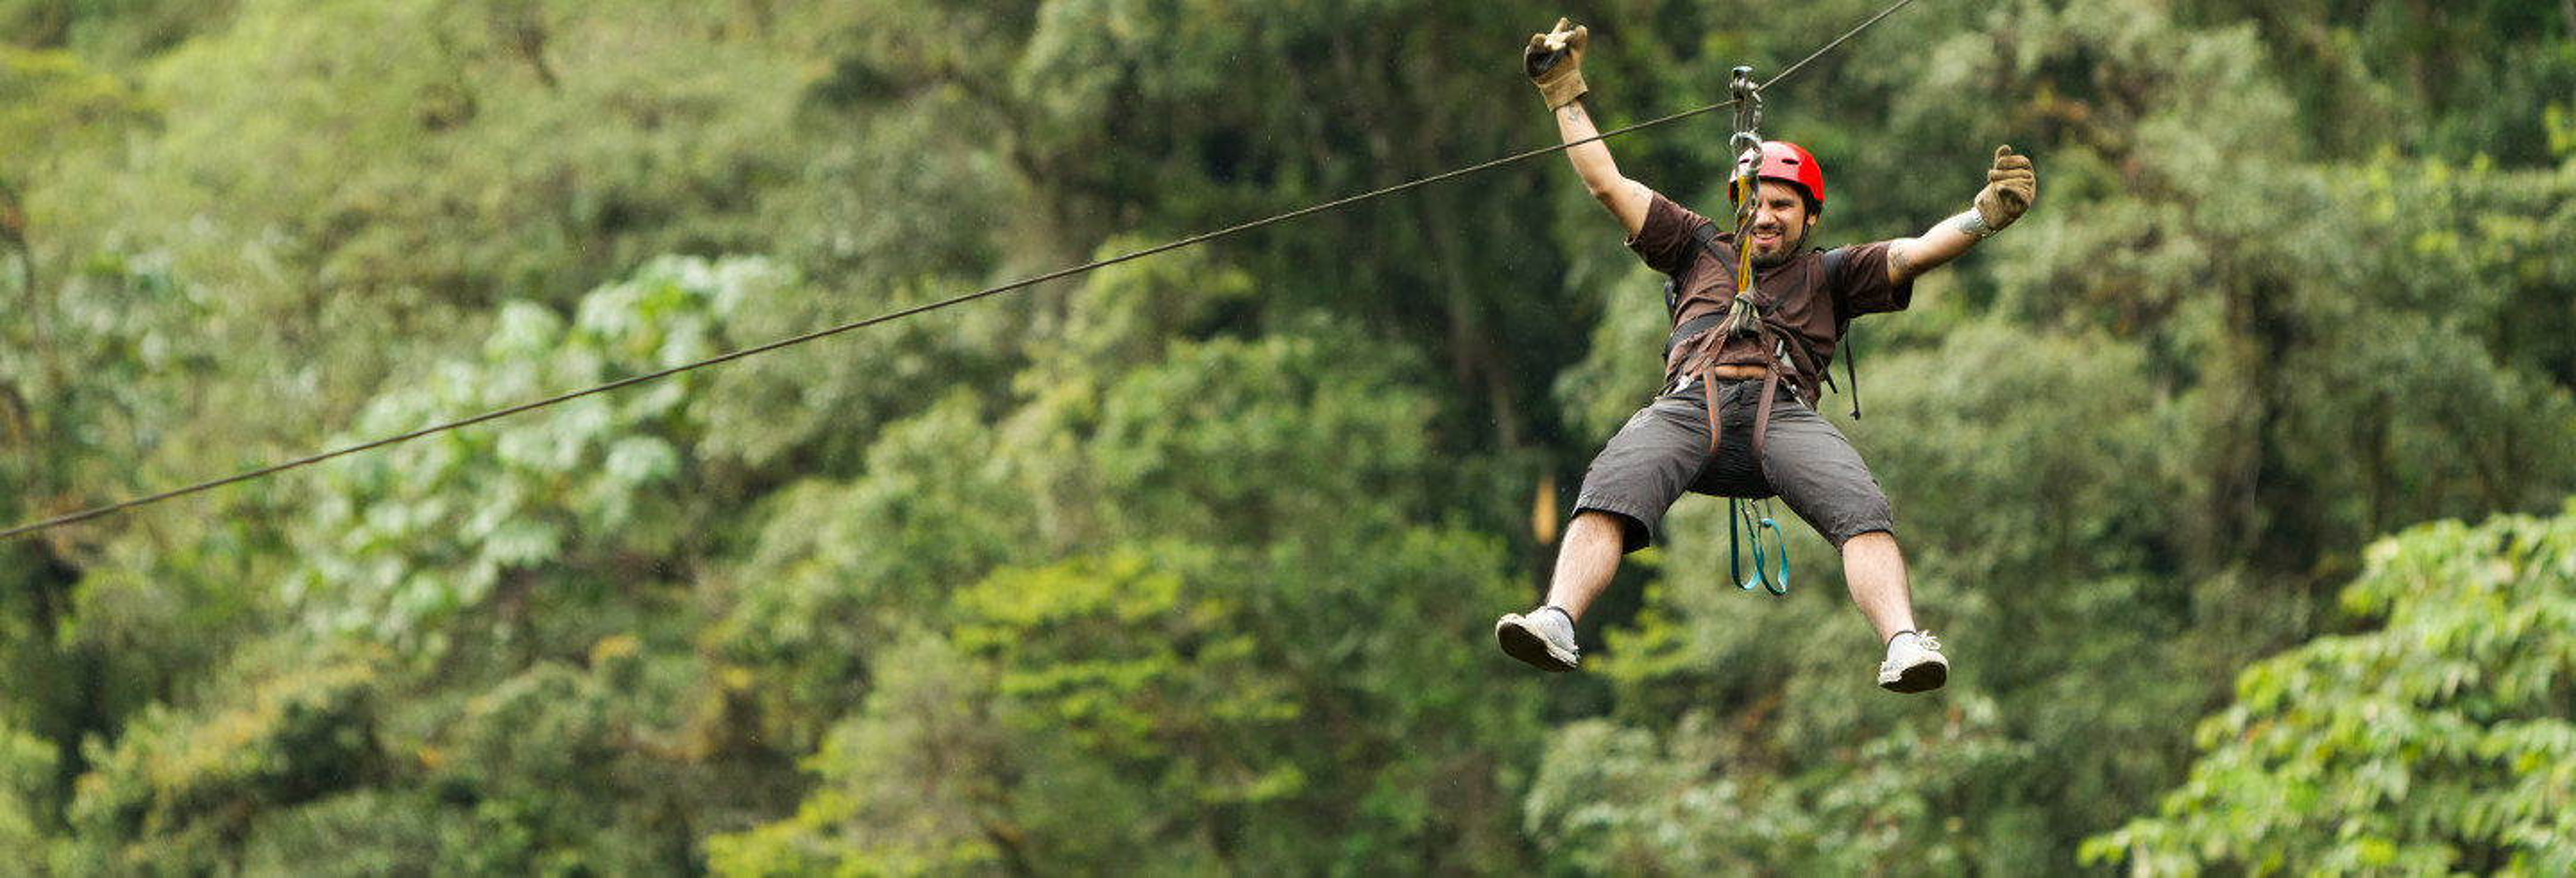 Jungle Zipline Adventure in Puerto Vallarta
==
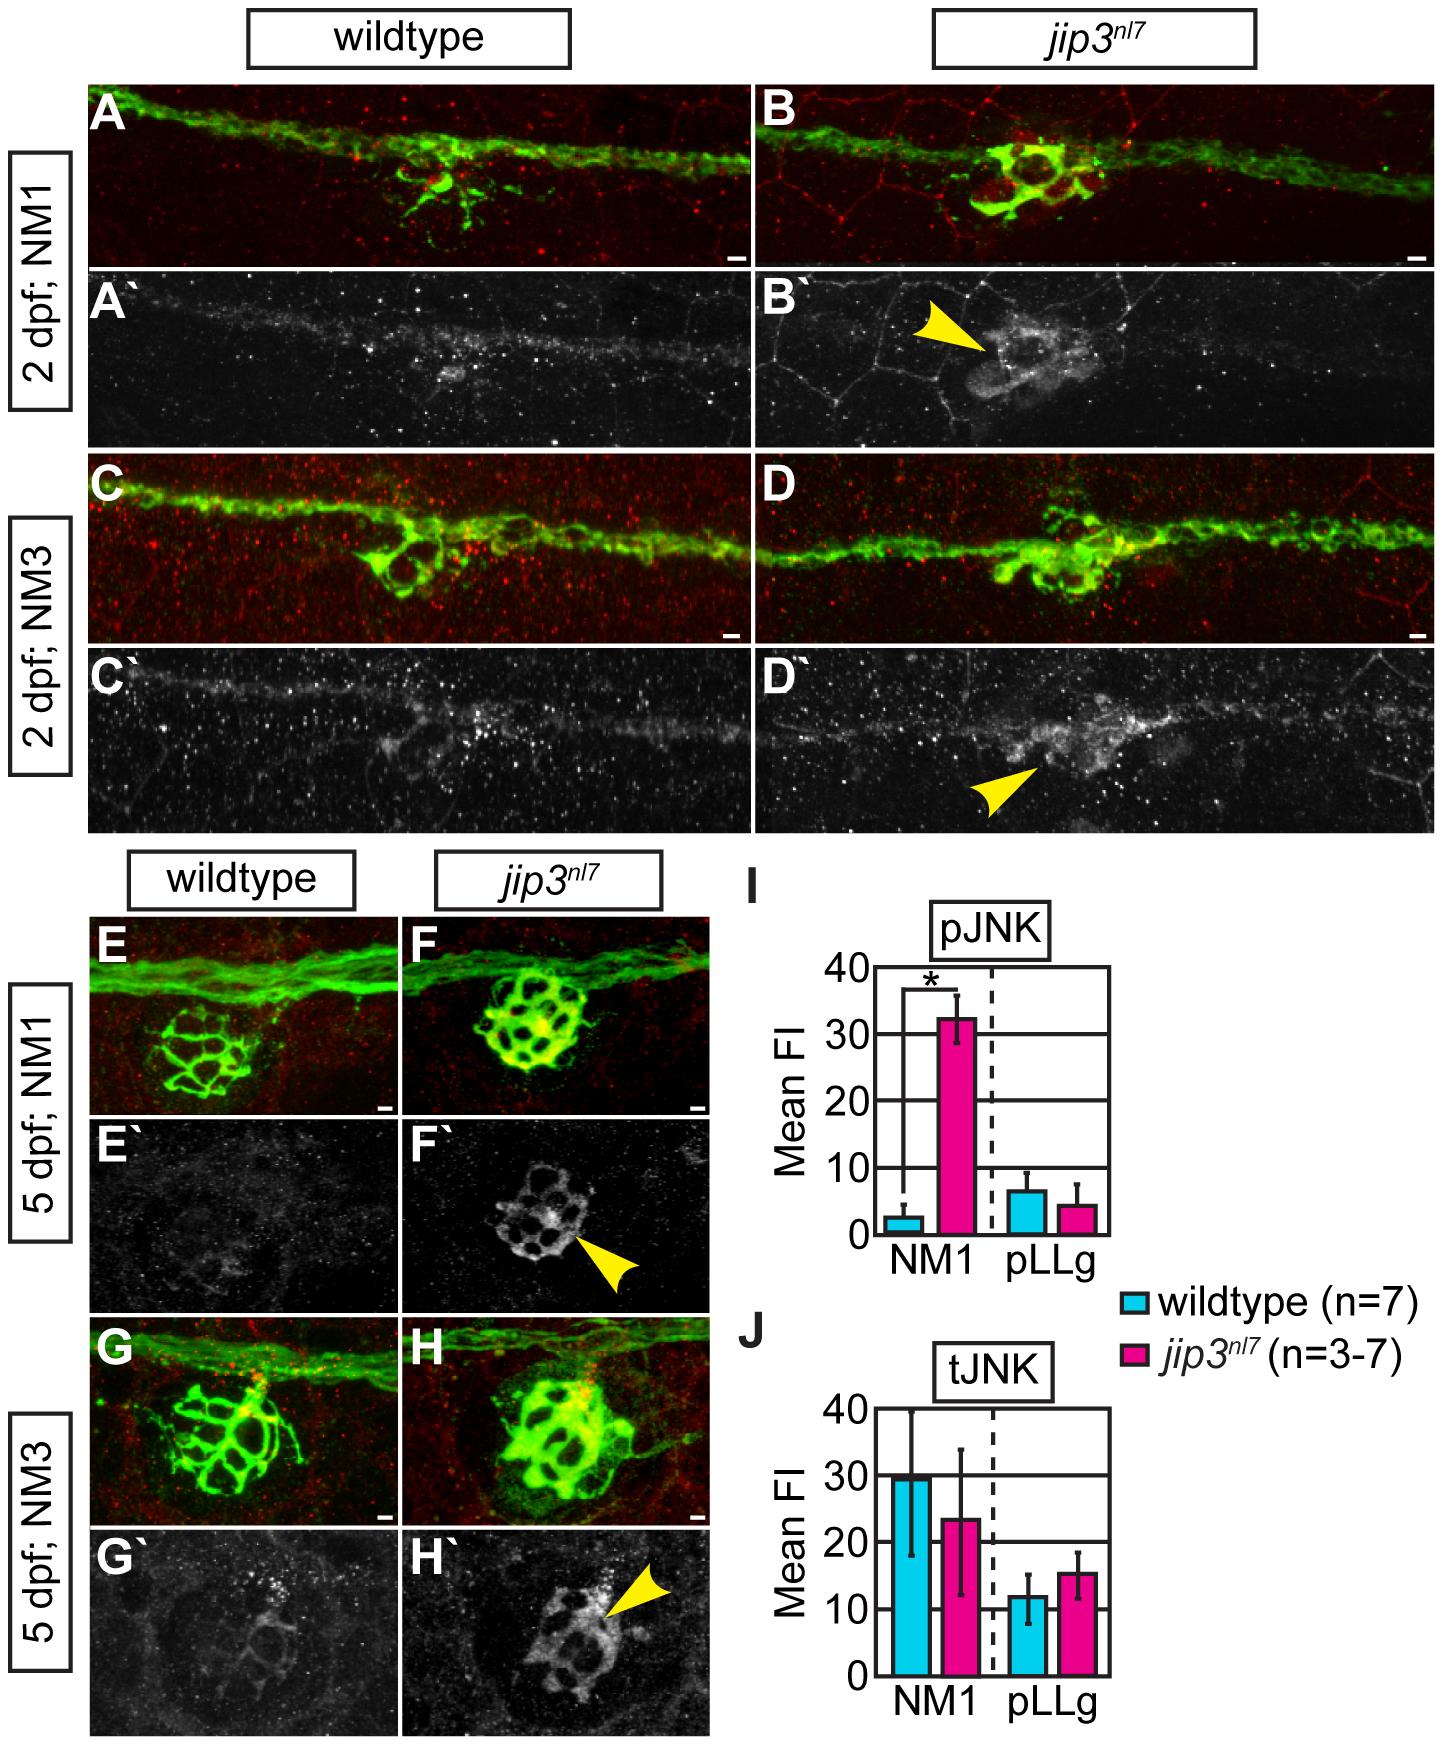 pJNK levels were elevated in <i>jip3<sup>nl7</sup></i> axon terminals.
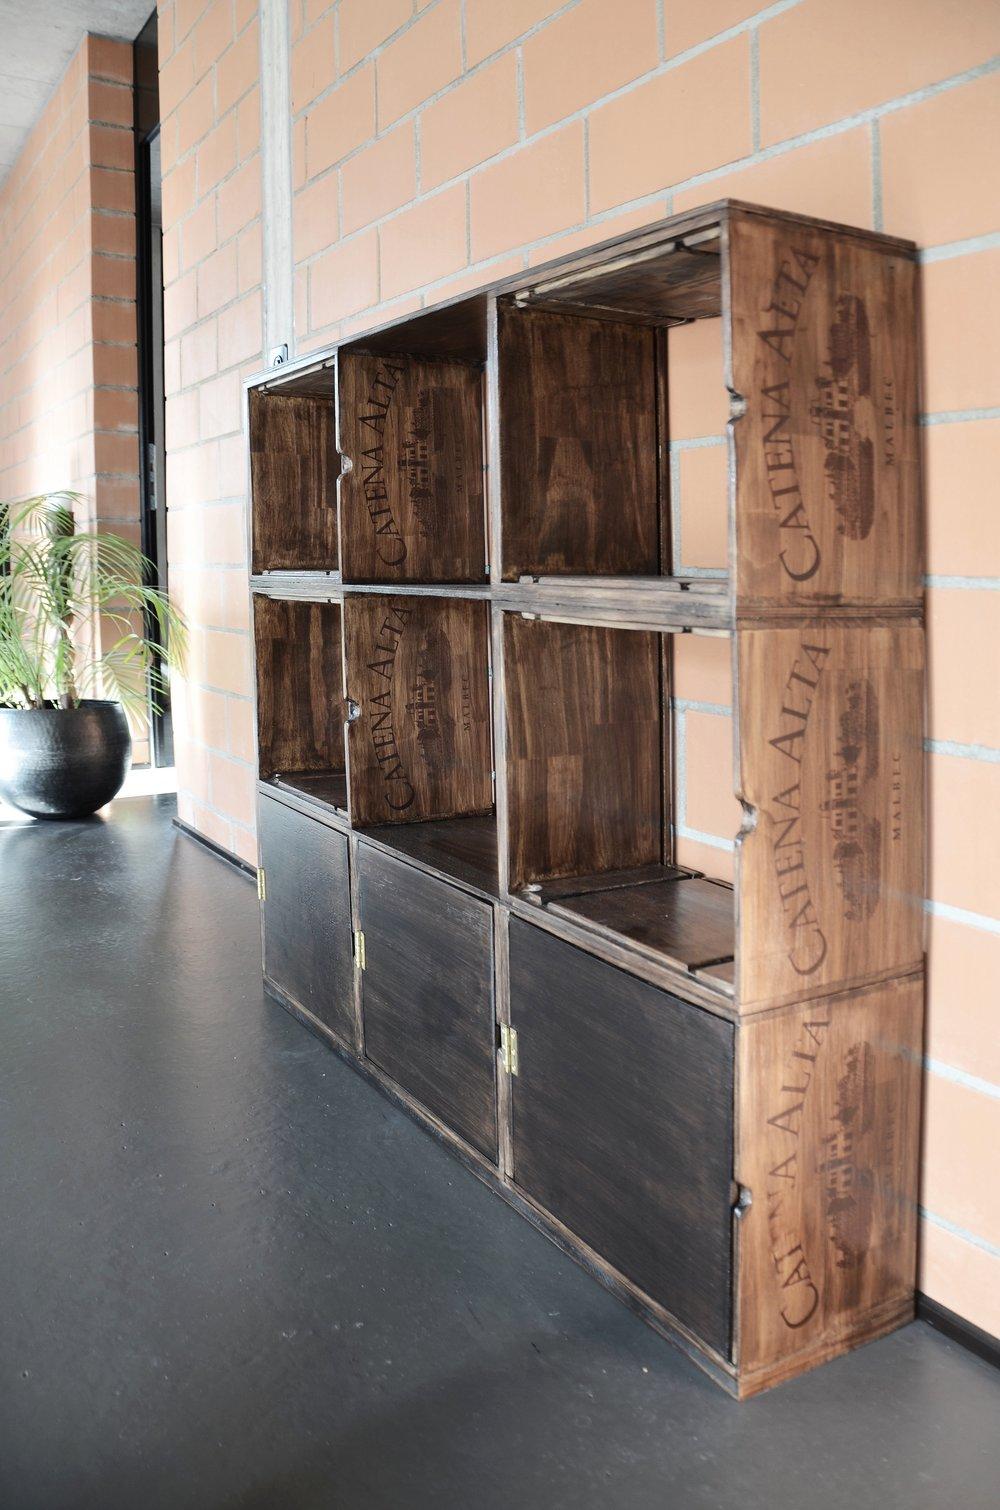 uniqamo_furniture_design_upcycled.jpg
* * *
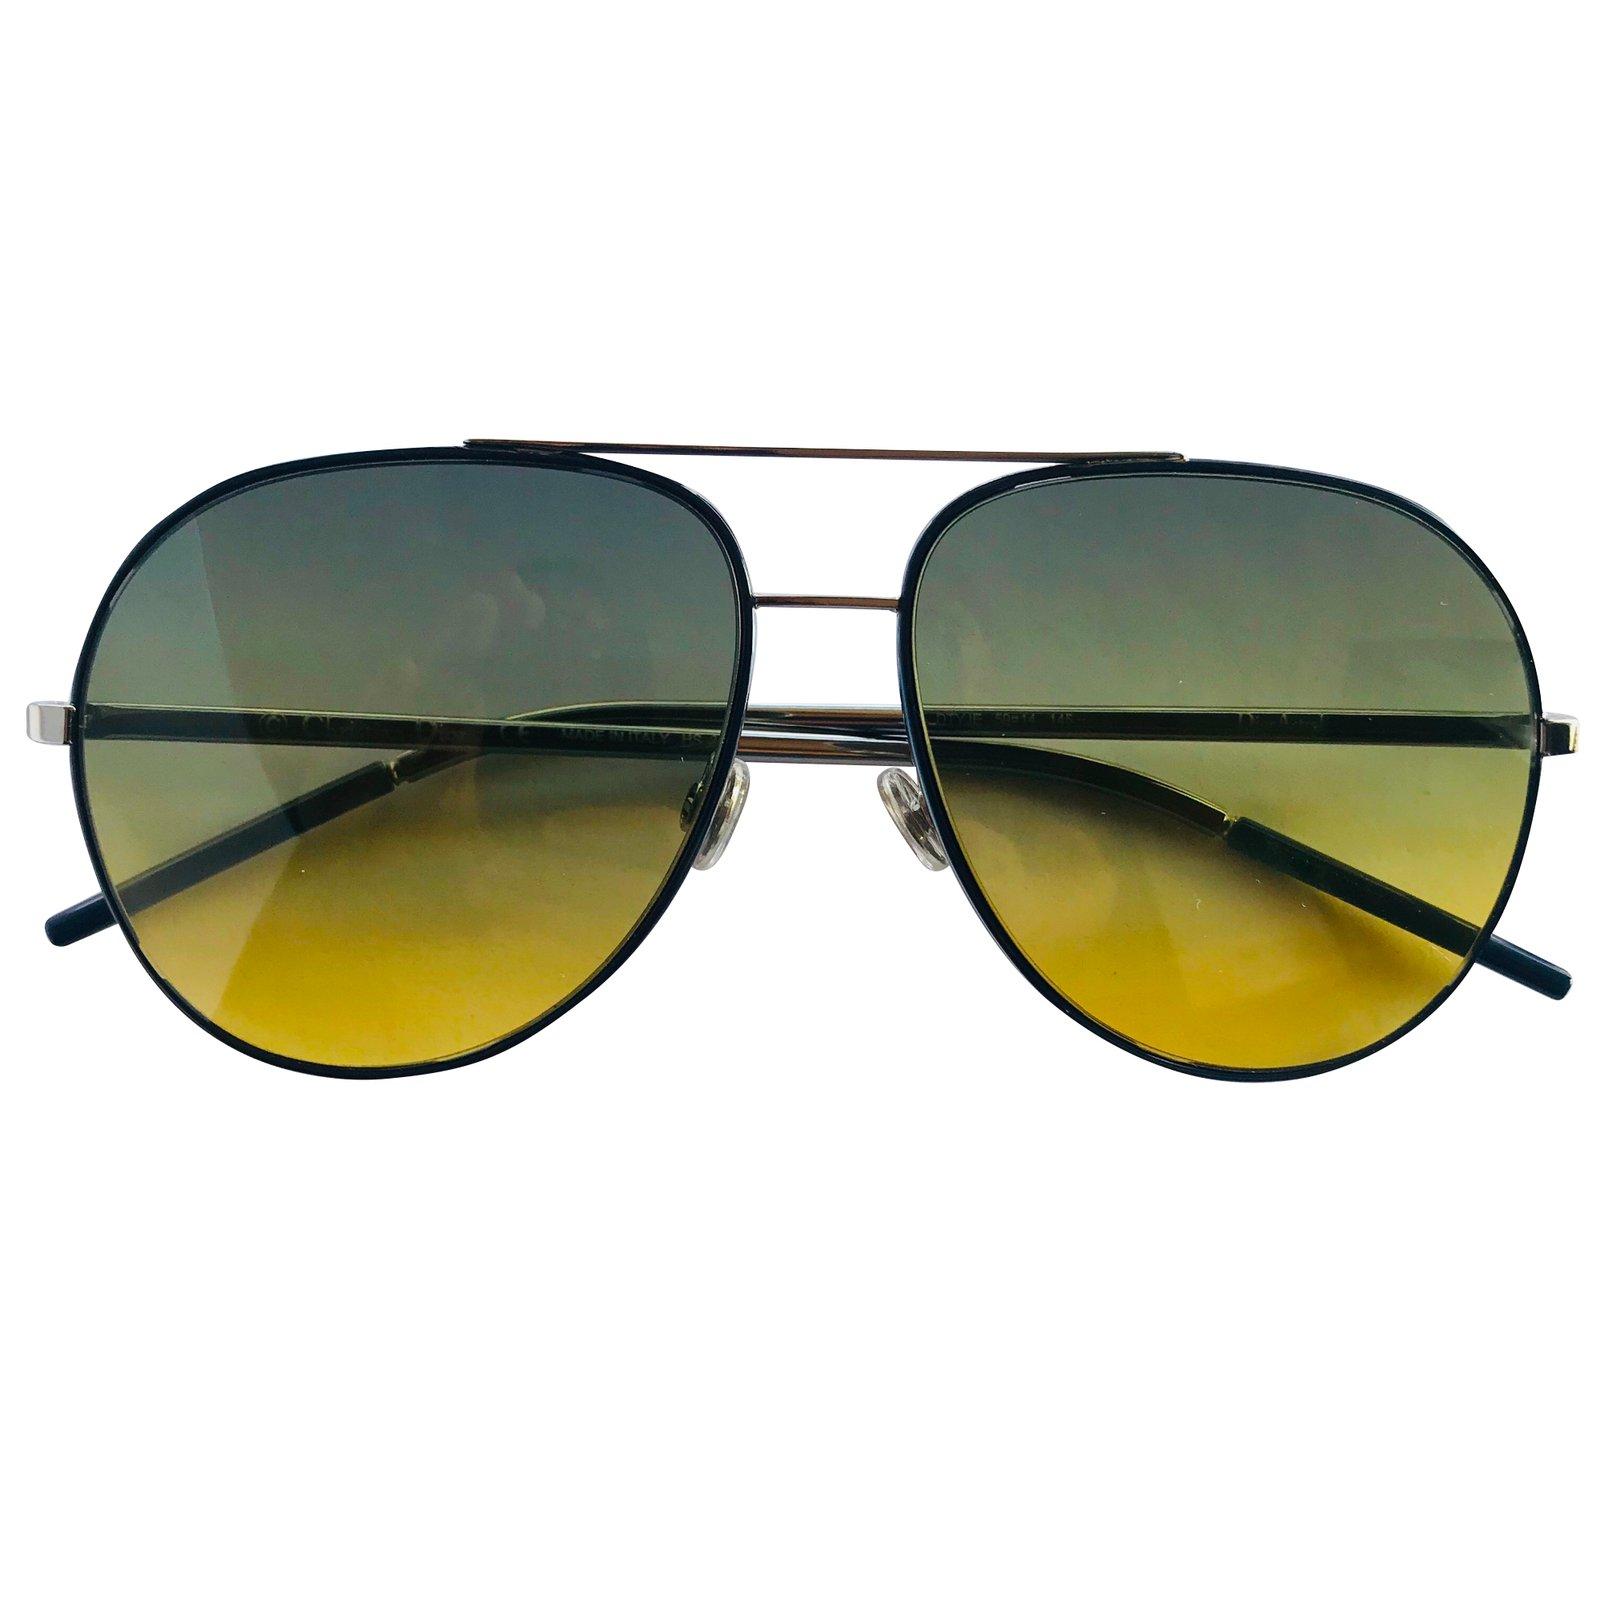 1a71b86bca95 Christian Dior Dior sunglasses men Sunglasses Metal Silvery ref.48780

■ Problem description ■
Above are the records. Copy only the lines from the one with "pJNK levels were" through the one with "uniqamo_furniture_design_upcycled.jpg", exactly, with no pictures.

■ Your solution ■
 pJNK levels were elevated in <i>jip3<sup>nl7</sup></i> axon terminals.
 uniqamo_furniture_design_upcycled.jpg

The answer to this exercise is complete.